Kala itu, sebanyak 700-an kepala keluarga kehilangan tempat tinggal. Sebagian dari mereka pindah ke rumah susun yang dibangun Pemprov DKI Jakarta. Salah satunya ke rusun Rawa Bebek, Pulogadung, Jakarta Timur.
“Kami sungguh tidak percaya pemerintah bisa menghancurkan rakyatnya sendiri,” ucapnya saat berbincang dengan reporter Alinea.id, Kamis (27/8).
“Bukan hanya rumah, tetapi ekonomi kami juga dihancurkan.”
Teddy berkisah, sejak dipindahkan ke rusun, pendapatan warga jauh berkurang. Mereka yang mayoritas bekerja sebagai nelayan, penjual ikan di pelelangan Muara Baru, dan buruh kapal di Pelabuhan Sunda Kelapa harus mengeluarkan ongkos perjalanan lebih banyak ke lokasi bekerja.
Warga lainnya, Dharma Diani atau akrab disapa Yani menuturkan, penggusuran membuat warga Kampung Akuarium kehilangan sejarah hidup mereka. Perempuan yang mengaku sudah menetap di Kampung Akuarium selama 43 tahun itu merupakan salah seorang warga yang ikut pindah ke rusun Rawa Bebek.
“Ada hal-hal yang ingin kami pertahankan dari sebuah kampung, seperti kebersamaan, kepedulian sosial, gotong-royong antarwarga,” kata Ketua Koperasi koordinator Wilayah Kampung Akuarium RT12 RW4 tersebut.
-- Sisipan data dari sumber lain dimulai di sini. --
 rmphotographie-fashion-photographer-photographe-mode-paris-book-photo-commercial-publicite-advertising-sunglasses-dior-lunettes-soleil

“Itulah makanya kami ingin kembali dan mendirikan kampung susun.”
Kini, bersama beberapa warga lainnya, Teddy dan Yani bersemangat membangun kembali hunian di Kampung Akuarium.
Harapan baru usai digusur
Harapan baru datang dari Gubernur DKI Jakarta Anies Baswedan. Anies merestui pembangunan hunian warga di Kampung Akuarium, berkonsep kampung susun. Pada 17 Agustus 2020, Anies hadir di sana dalam acara peletakan batu pertama.
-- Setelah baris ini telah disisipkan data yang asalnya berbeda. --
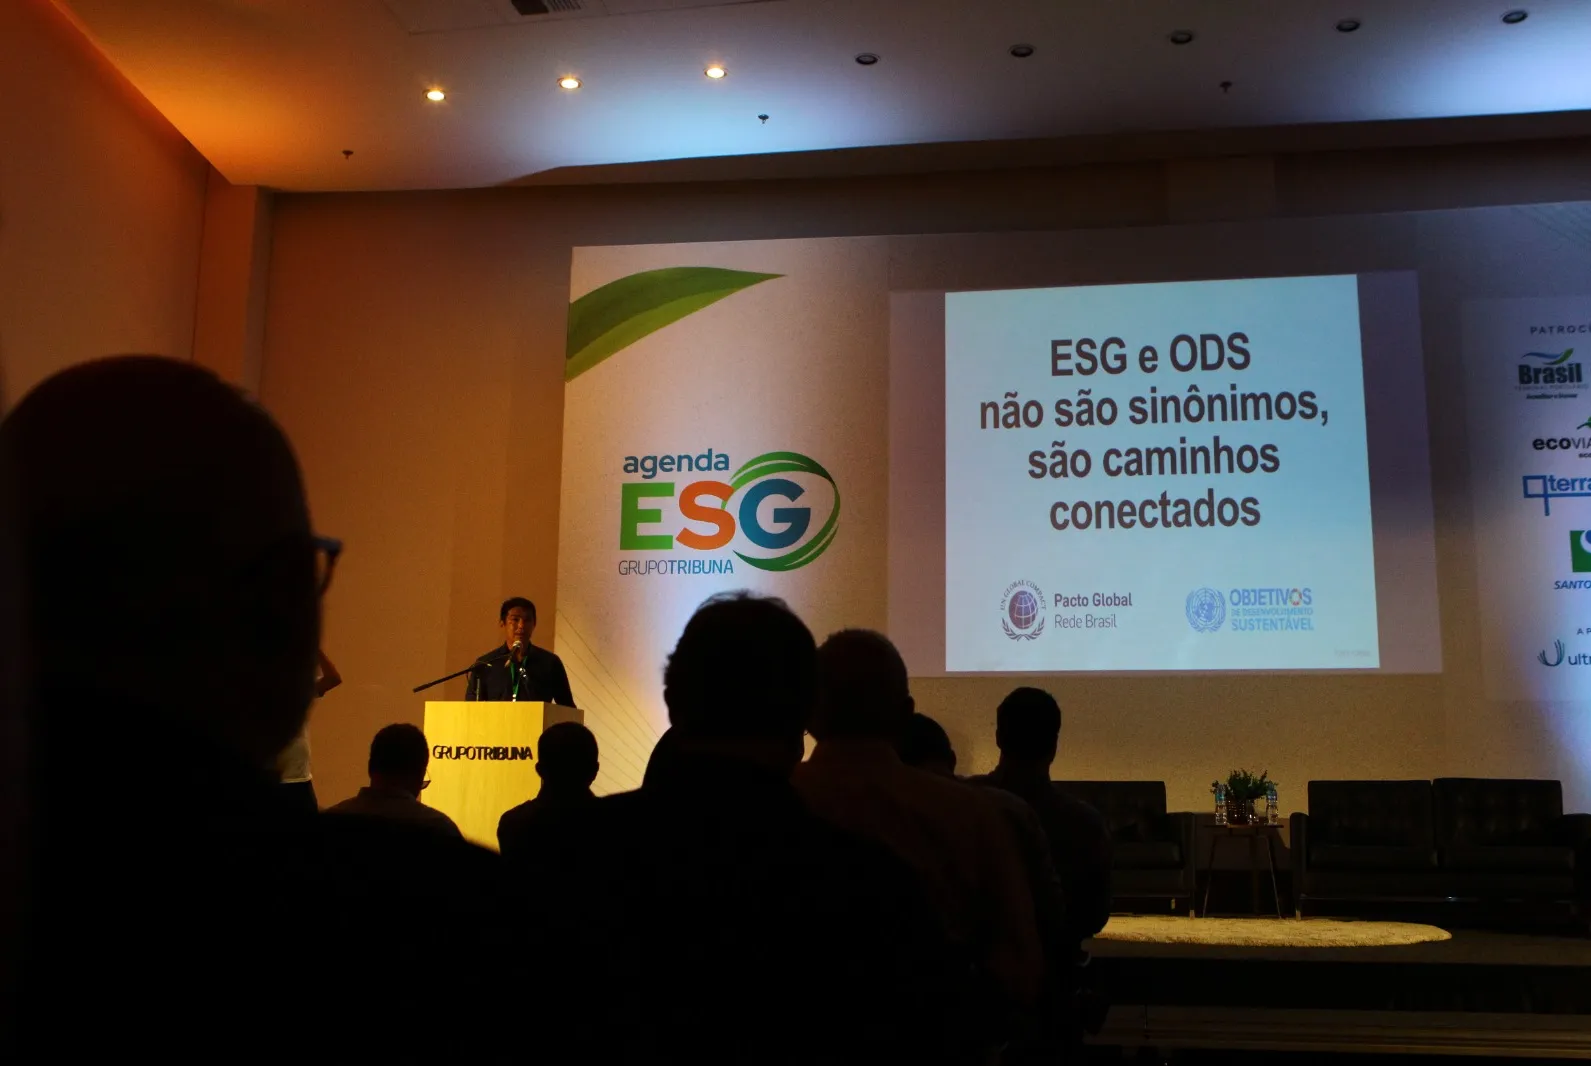 Essa é a segunda edição do projeto Agenda ESG, uma iniciativa do Grupo Tribuna. No primeiro encontro, tema foi o meio ambiente

Puja puji dari warga yang menyambut antusias dialamatkan ke mantan Menteri Pendidikan dan Kebudayaan tersebut. Kamis (27/8), warga RT12 RW4 Kampung Akuarium mulai berbenah. Mereka bergotong-royong membongkar bangunan penampungan (shelter), yang dipakai sebagai tempat tinggal sementara.
Teddy menerangkan, total ada 90 bangunan penampungan sementara. Sebanyak 86 di antaranya dipakai sebagai tempat tinggal. Sisanya dijadikan kantor koperasi warga. Dinding penampungan sementara dibuat dari tripleks. Satu bangunan berukuran 6x7 meter. Penampungan sementara itu, kata Teddy, sudah ditempati warga sejak Januari 2018.
"Sudah ada tujuh shelter dibongkar. Rencana ada 70 shelter akan dibongkar untuk digantikan bangunan tower rumah susun," kata Teddy.
Menurut Teddy, warga menindaklanjuti peletakan batu pertama, dengan aktif mendukung percepatan proses pembanguan kawasan hunian baru di sana.
“Kebetulan saya yang dituakan, jadi dipercaya untuk mengoordinasi waktu dan proses pembangunan secara mandiri oleh warga. Kita semua antusias dan mau berpartisipasi untuk membangun kembali kampung ini,” ujar Teddy.
Saat ini tercatat ada 103 kepala keluarga yang menetap di kawasan Kampung Akuarium. Ia mengatakan, warga yang akan menempati kampung susun ditentukan berdasarkan data kepala keluarga yang punya aset rumah secara resmi.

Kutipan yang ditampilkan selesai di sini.